When we’re talking about faith going up against power and notions of law and order, many fail to acknowledge that the concept of justice originates in the Bible.

That’s exactly right. Order only comes because there’s a God who wants the world to be orderly ordered. I mean, it’s a bit of a tautology, I know. But again, God wants government, not pure anarchy. And we’ve got to have law. We’ve got to have order. But we’ve also got to have love and liberty to balance it out. And that’s why there’s wisdom in the biblical tradition to help us understand the balance between the two.

While you say Christianity must advise government you also say Christian influence on government should never be absolute. Correct?

That’s correct. I mean, we don’t want to create a theocracy because that’s bad for Christianity. It’s bad for the state. It leads to a superficial Christianity where people merely feign or pretend to be Christians, so they can get access to power or benefits. You know, being in a Christianized society is shallow at best, and, at worst, it turns Christianity into a huge iron grip that then presses down on other groups, whether that’s nonbelievers, Muslims, Buddhists, all the other religions of the world. And you’ve always got the problem of which type of Christianity should be hegemonic.

Can you explain your point about “civic totalism” and how that applies to where we are today?

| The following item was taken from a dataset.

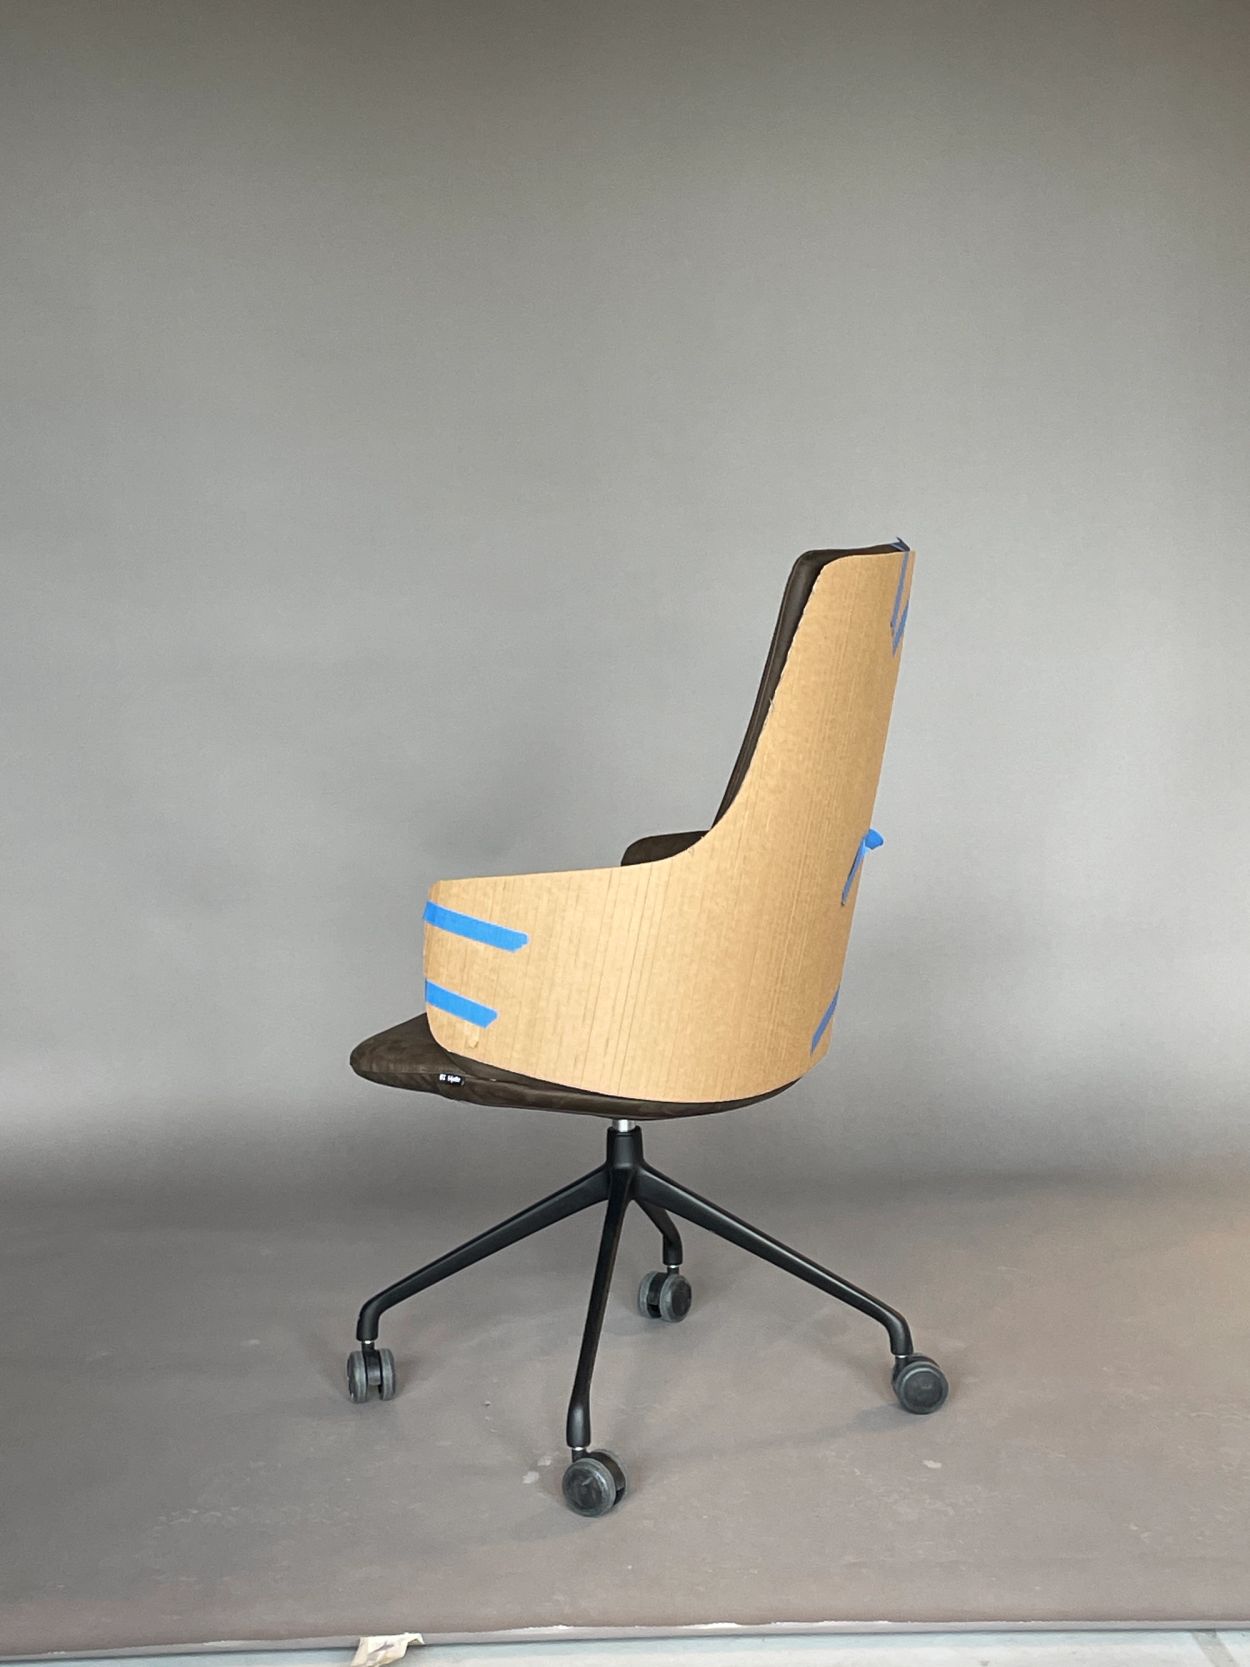 photo of Ada chair with card sheet for testing

Civic totalism is a term created by the American political philosopher Stephen Macedo. And basically what it refers to is the idea of a government that believes it is invested with the authority to direct its citizens toward goals, targets and values, which are congruent with a progressive state. In other words, if the state doesn’t like your religion, it can ask you to change your religion and get with the state’s program. Or if it doesn’t like the social media sites or the new sites that you like reading, it can take them down or can stop you from sharing them — that kind of thing.

It’s basically a government that believes it has the right to use somewhat more coercive and intrusive tactics to make sure that everyone in the state is getting with the state’s program and objectives. Religion can interfere with that a little bit because people might be more loyal to their God than they are to the state.

That sounds very familiar. This book is a call to action to Christians in a world that you describe as perilous. What are your fears about not being able to rouse enough to become more vocal and fight back in a nonviolent way?

It’ll be different if we can or if we won’t. I do think we need to stand up against anything that is authoritarian. … In some places it can mean protesting in the streets. Other places, it may mean fleeing the country. Other times, it may mean trying to create your own subversive political or — dare I say — paramilitary entities, where you’re trying to stop a government from committing ethnic genocide or something like that. We should be able to discern in the precincts of our own conscience what that means in any given location. It’s going to be different all the time.

It’s hard to be prescriptive because every local circumstance is different … which calls for different types of resistance. I think we can be subversive without being violent. That’s one of the key things I said in the book.

Note: Questions and answers from the video interview may have been edited and condensed to remove random utterances, such as pauses or filler words that are a part of speech, and for brevity and clarity.